GithubHelp home page GithubHelp logo

Comments (15)

smunaut avatar smunaut commented on July 22, 2024 1

They're still not going to sleep, but since I posted they did spend 12h a day (overnight) in standby_z (manually transitioning them). The first 3 days I left them in active mode hoping they would finish whatever they were busy, but since them I put a script to put them to standby_z manually for the night. (And they do stay in that mode so the host is definitely not issuing any stray commands)

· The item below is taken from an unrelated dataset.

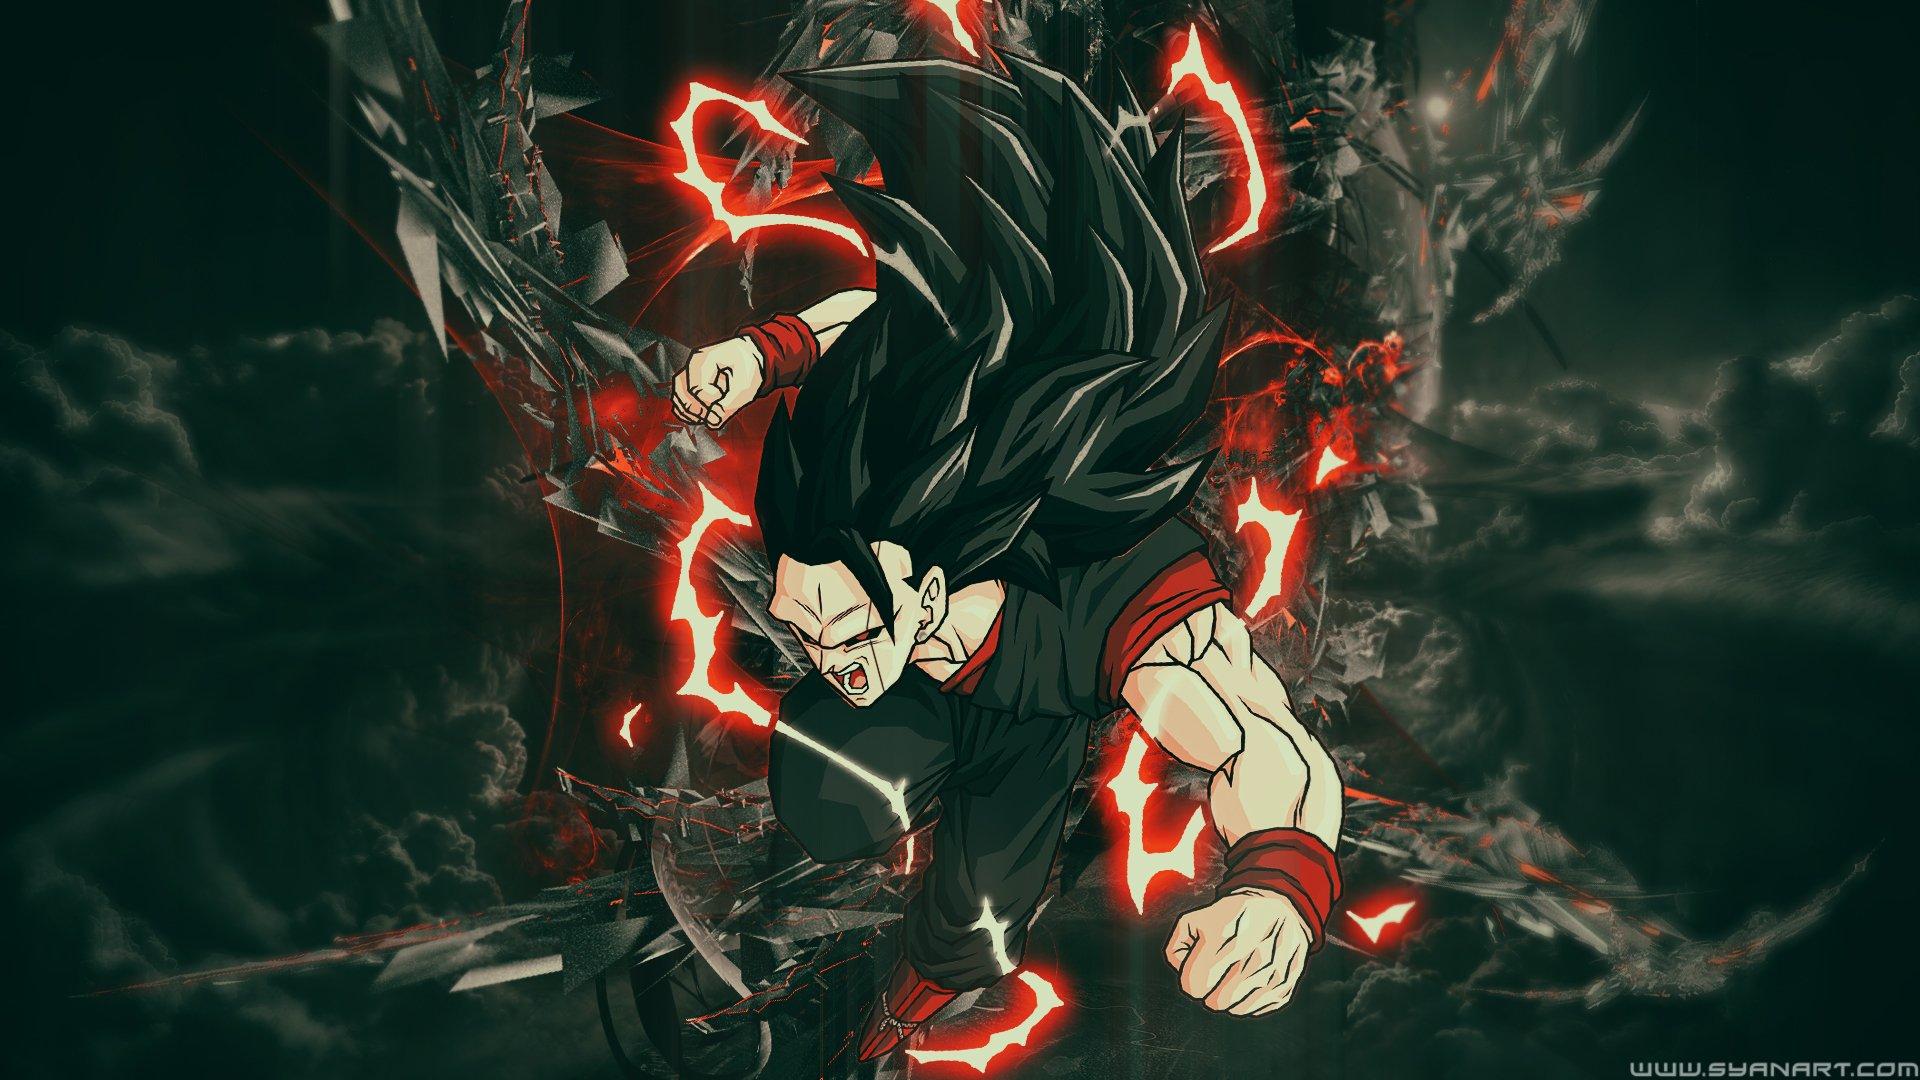 Black Goku Fondo De Pantalla And Fondo De Escritorio: DBS Goku Black SSJ3 Fondo De Pantalla HD

	Model Number: ST6000VN001-2BB186
	Firmware Revision: SC60

I did reboot for sure. I think I did a full power off but I'm not 100% sure anymore. I will retry that when I get the chance.
(ATM the machine they are in is being used, It'll probably have to wait until next weekend)

from openseachest.

smunaut avatar smunaut commented on July 22, 2024 1

It's a small NAS exposing volumes through NFS and Samba.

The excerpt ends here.